1. Waspadai Kandungan Utama dalam Krim Pegal Biasa
Sebagian besar produk pereda pegal yang dijual bebas di pasaran mengandung zat aktif yang berfungsi memberikan sensasi dingin dan hangat, sekaligus meredakan nyeri ringan. Tiga kandungan yang paling umum adalah:
- Metil Salisilat (Methyl Salicylate): Ini adalah bahan yang paling perlu diwaspadai. Metil salisilat secara kimiawi sangat mirip dengan aspirin (asam asetilsalisilat). Aspirin dalam dosis tinggi tidak dianjurkan bagi ibu hamil, khususnya pada trimester akhir, karena berpotensi memengaruhi janin dan proses pembekuan darah. Meskipun diserap melalui kulit dalam jumlah kecil, penggunaan metil salisilat dalam jumlah besar, sering, dan di area yang luas selama kehamilan, terutama pada Trimester III (usia kehamilan di atas 20 minggu), umumnya tidak disarankan kecuali atas saran dokter.
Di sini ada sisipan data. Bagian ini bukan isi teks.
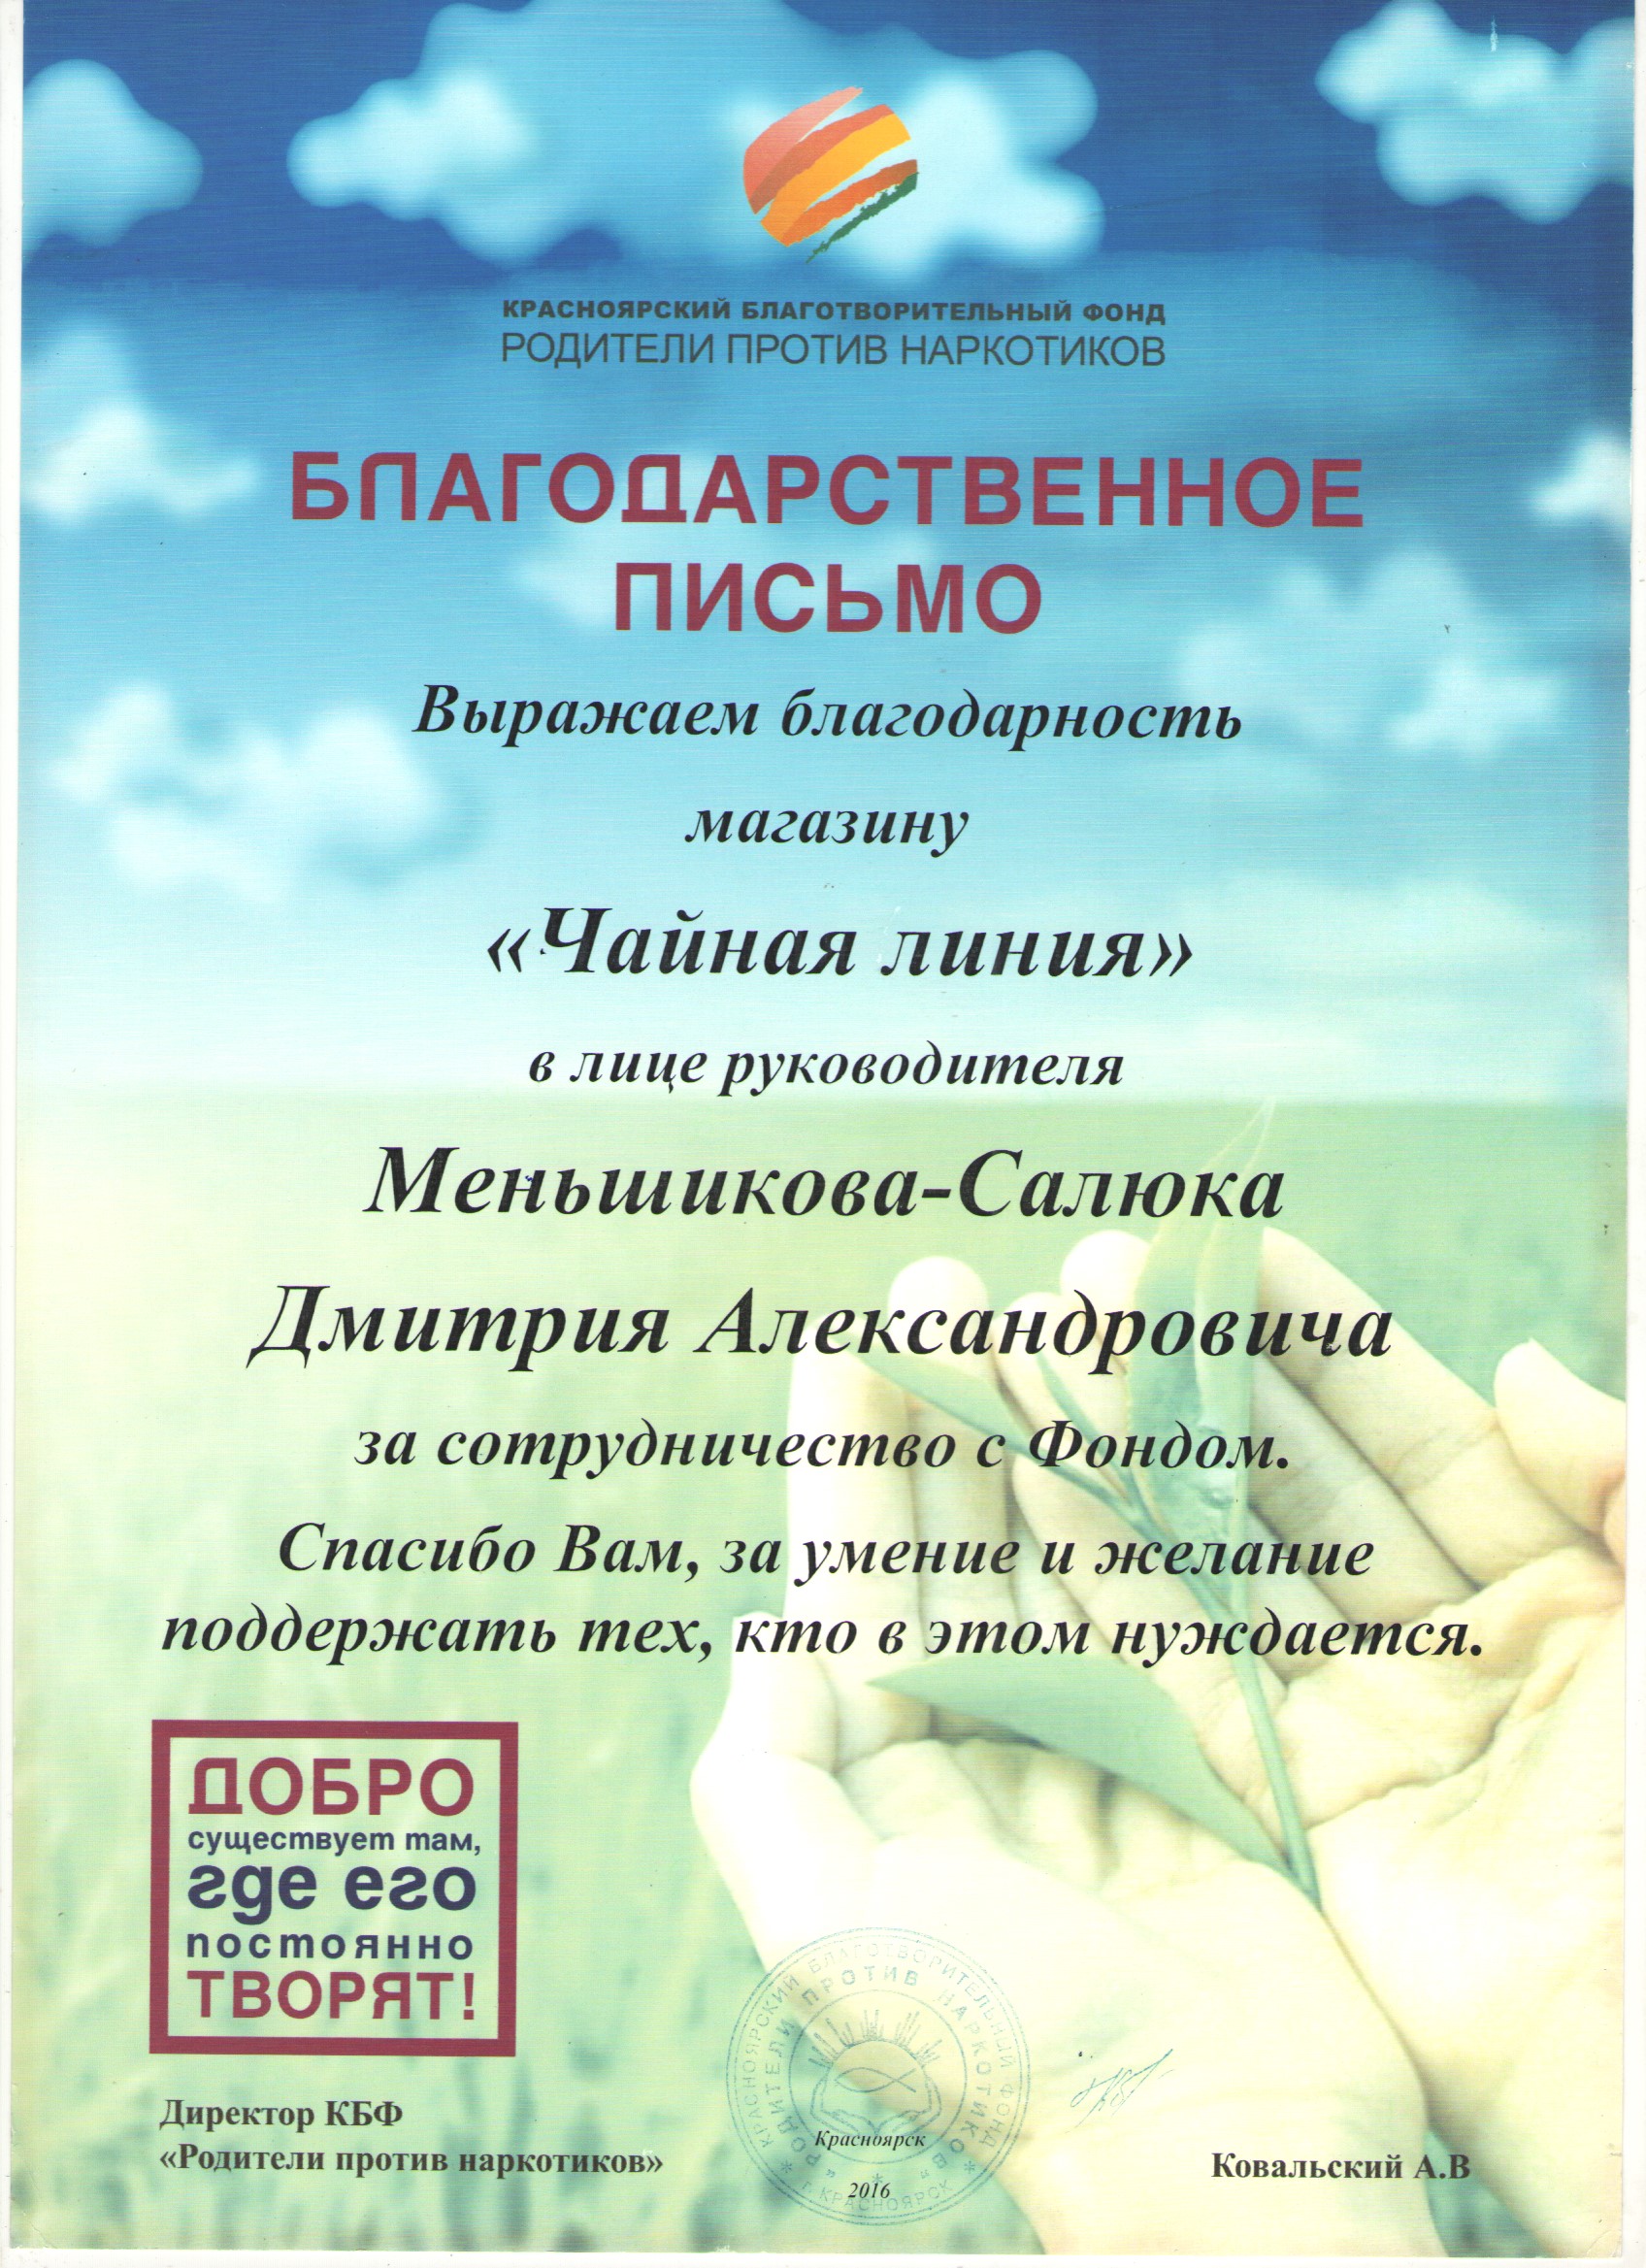 Красноярский благотворительный фонд "Родители против наркотиков"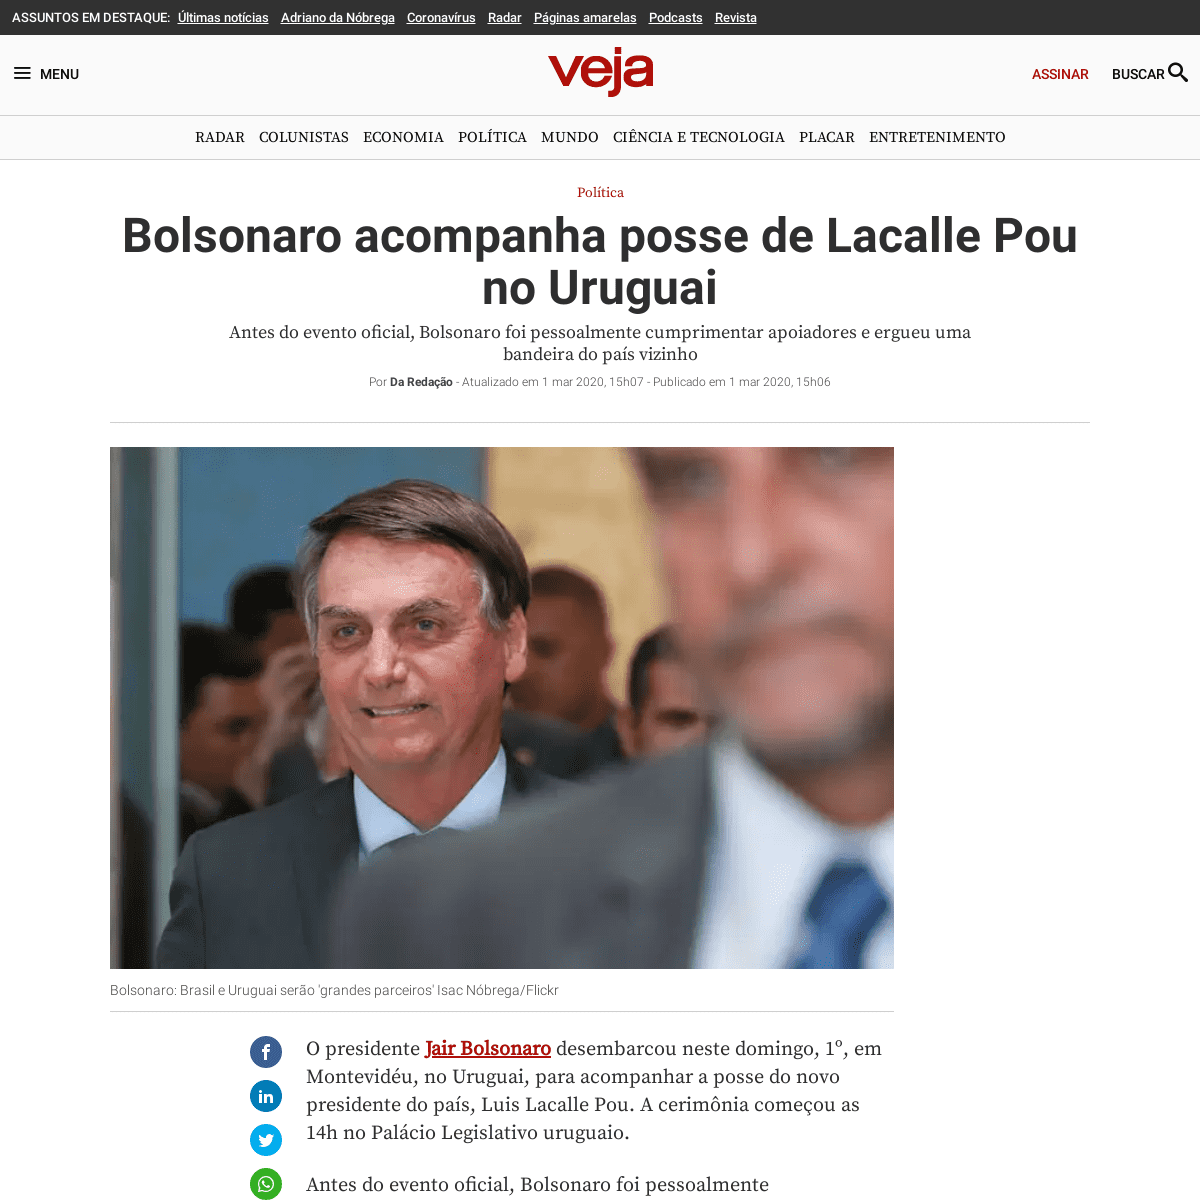 A complete backup of veja.abril.com.br/politica/bolsonaro-acompanha-posse-de-lacalle-pou-no-uruguai/

- Kamper (Camphor): Zat ini juga dapat diserap melalui kulit. Penggunaan kamper dalam dosis yang sangat tinggi atau tertelan (misalnya, tidak sengaja menjilat tangan setelah mengoleskan) dapat berisiko. Oleh karena itu, penggunaannya harus dibatasi dan hanya dalam jumlah sedikit.
- Mentol (Menthol): Mentol umumnya dianggap memiliki risiko yang lebih rendah, namun sama seperti kamper dan metil salisilat, penggunaannya harus dibatasi. Zat ini berfungsi memberikan sensasi dingin yang dapat mengalihkan fokus dari rasa nyeri.
2. Alternatif Pereda Pegal yang Lebih Aman untuk Ibu Hamil
Daripada mengambil risiko dengan produk konvensional, ibu hamil dianjurkan mencari solusi alami dan terbukti aman untuk meredakan nyeri dan pegal:
- Pijat Kehamilan (Prenatal Massage): Pijatan lembut oleh terapis bersertifikat dapat membantu meredakan ketegangan otot punggung dan kaki dengan aman. Pastikan terapis menghindari area perut.
- Kompres Hangat atau Dingin: Mengompres area yang sakit dengan botol air hangat atau heating pad dapat melemaskan otot. Alternatifnya, kompres dingin dapat mengurangi peradangan.
- Parasetamol: Jika rasa nyeri sangat mengganggu, Parasetamol adalah obat pereda nyeri oral (minum) yang secara umum dianggap aman untuk ibu hamil jika digunakan sesuai dosis anjuran dokter. Obat oles sebaiknya dihindari, tetapi obat minum ini sering menjadi solusi yang lebih baik.
- Krim Berbahan Dasar Alami: Beberapa produk telah diformulasikan khusus untuk ibu hamil, umumnya menggunakan minyak esensial ringan dan bahan alami seperti frankincense, lavender, atau eucalyptus yang aman, tanpa kandungan metil salisilat atau kamper yang tinggi.
3. Tips Pakai Krim Oleh saat Hamil

Jika memang harus menggunakan krim pereda nyeri:
- Gunakan Secukupnya dan di Area Terbatas: Oleskan tipis-tipis hanya pada area yang sakit (misalnya pergelangan kaki atau bahu), hindari mengoleskan di area luas seperti punggung secara keseluruhan, dan jangan pernah mengoleskan di area perut.
- Hindari Luka Terbuka: Jangan oleskan krim pada kulit yang iritasi, luka, atau lecet, karena penyerapan zat aktif akan jauh lebih cepat.
- Waspada Trimester III: Hindari metil salisilat pada trimester akhir kehamilan karena risiko potensial pada janin.
Kesimpulannya, demi keamanan janin, ibu hamil sebaiknya sangat berhati-hati dalam menggunakan krim pereda pegal yang mengandung metil salisilat dan kamper, dan selalu prioritaskan metode pereda nyeri non-obat atau konsultasikan dengan dokter kandungan Anda.